*Activity*. For the records below, output word for word the lines from the one with "A-Line Raincoat with" up to and including the one with "Diagonal Stripe Seamless". No pictures.

*Given information*.
- - - -
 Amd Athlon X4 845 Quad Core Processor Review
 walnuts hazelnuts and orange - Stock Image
- - - -
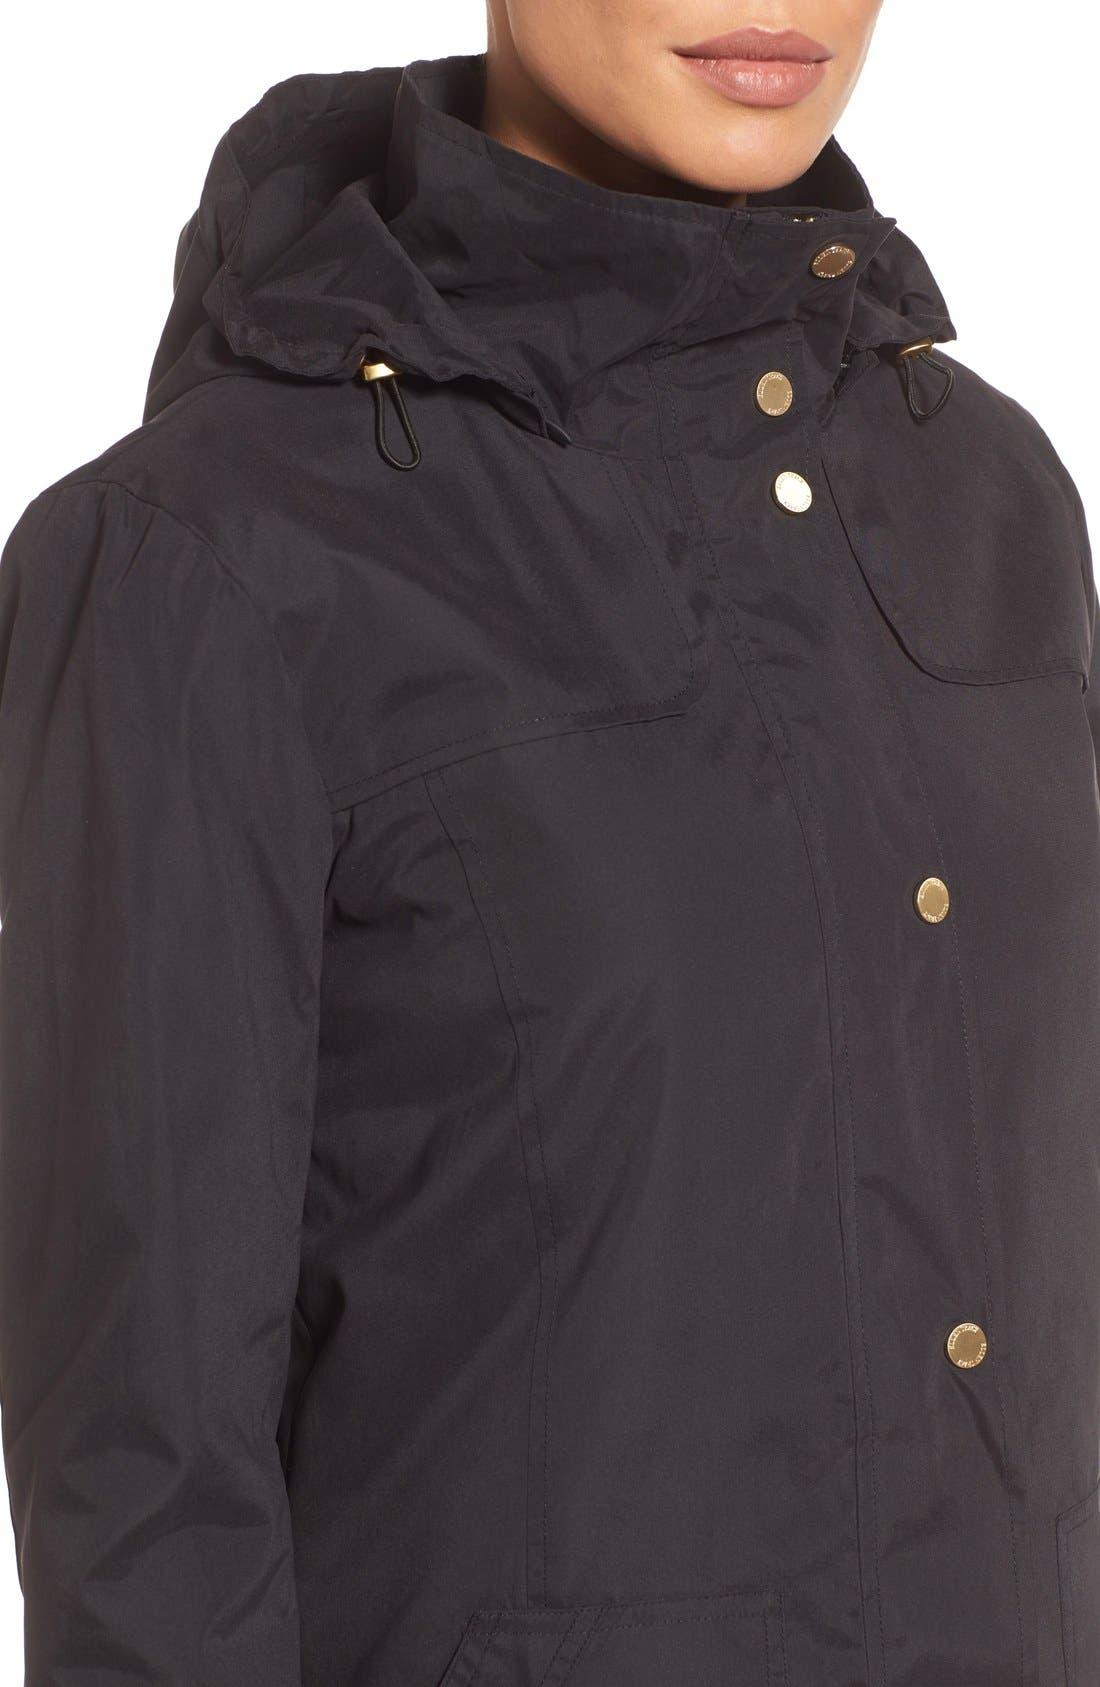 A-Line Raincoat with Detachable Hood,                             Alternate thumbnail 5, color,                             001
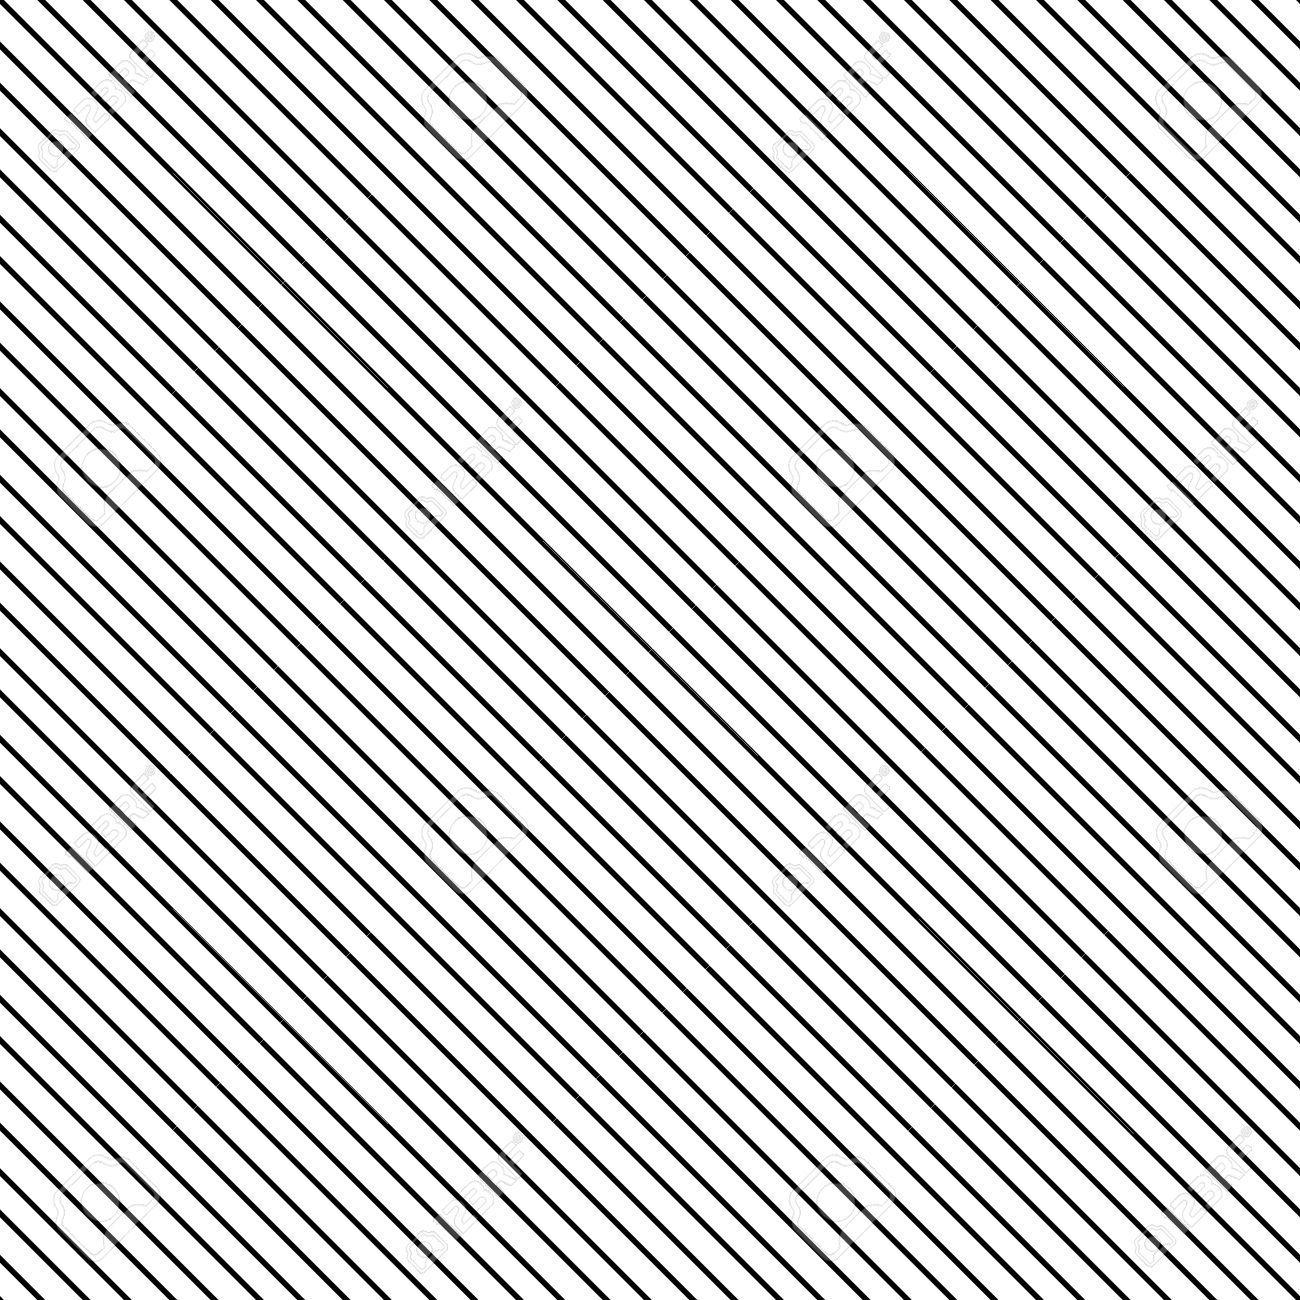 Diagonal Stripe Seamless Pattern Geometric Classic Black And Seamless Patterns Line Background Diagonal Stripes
- - - -
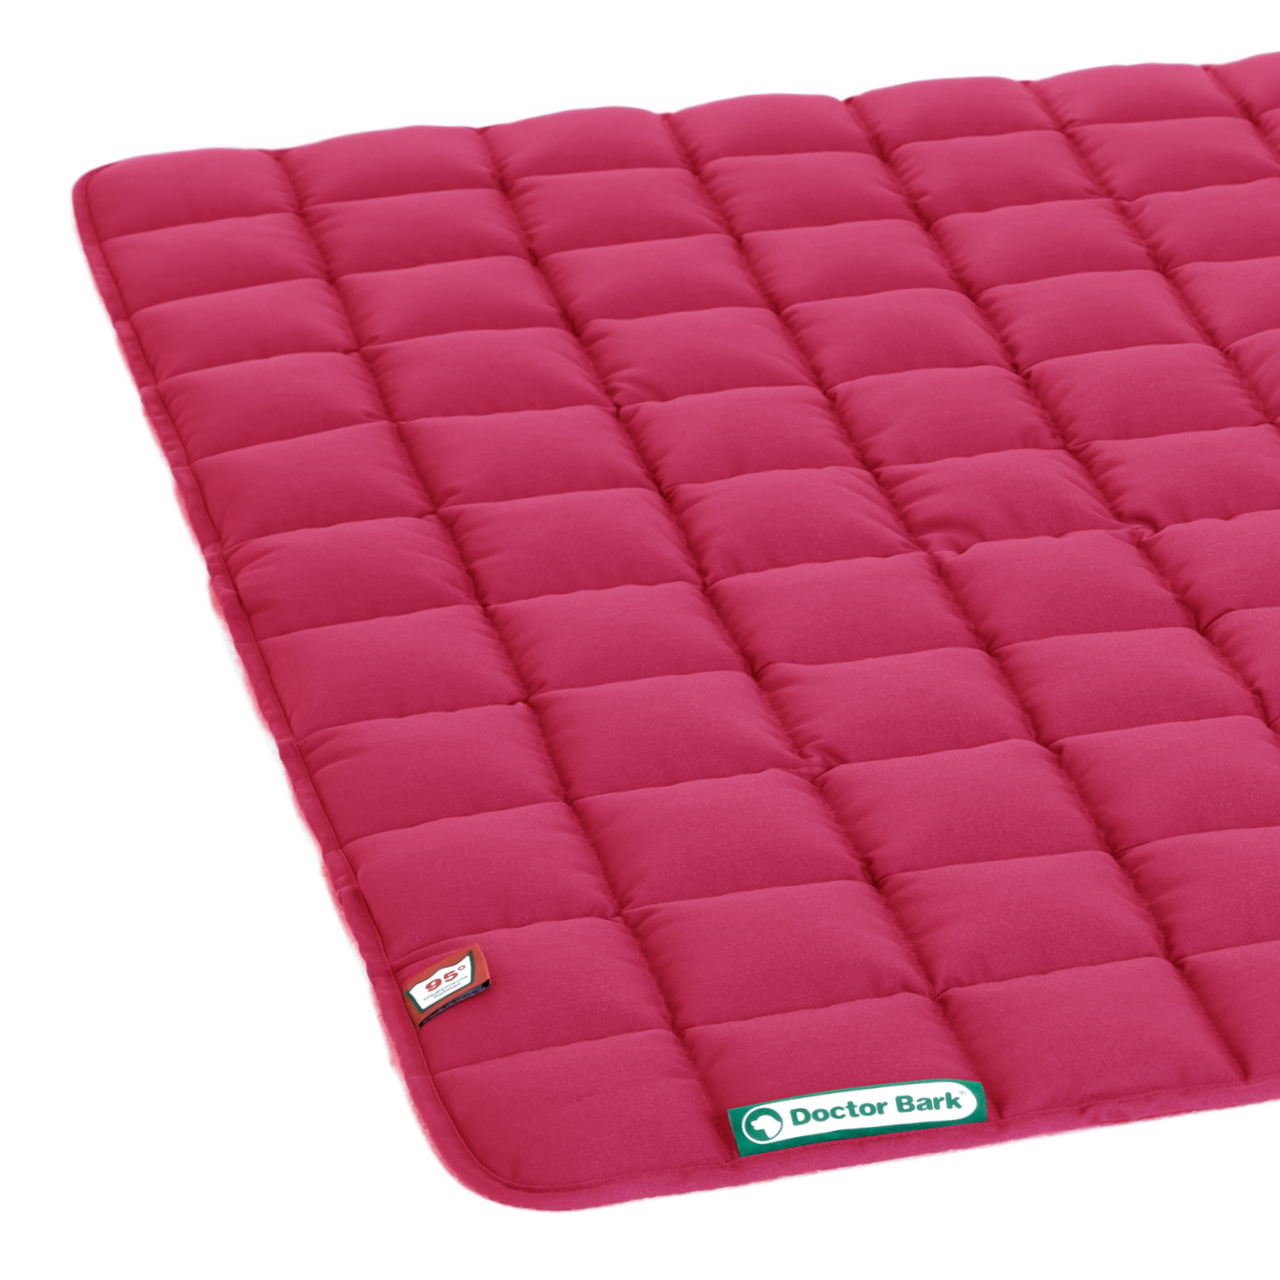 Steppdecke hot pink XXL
- - - -
*Solution to the exercise*.
 A-Line Raincoat with Detachable Hood,                             Alternate thumbnail 5, color,                             001
 Diagonal Stripe Seamless Pattern Geometric Classic Black And Seamless Patterns Line Background Diagonal Stripes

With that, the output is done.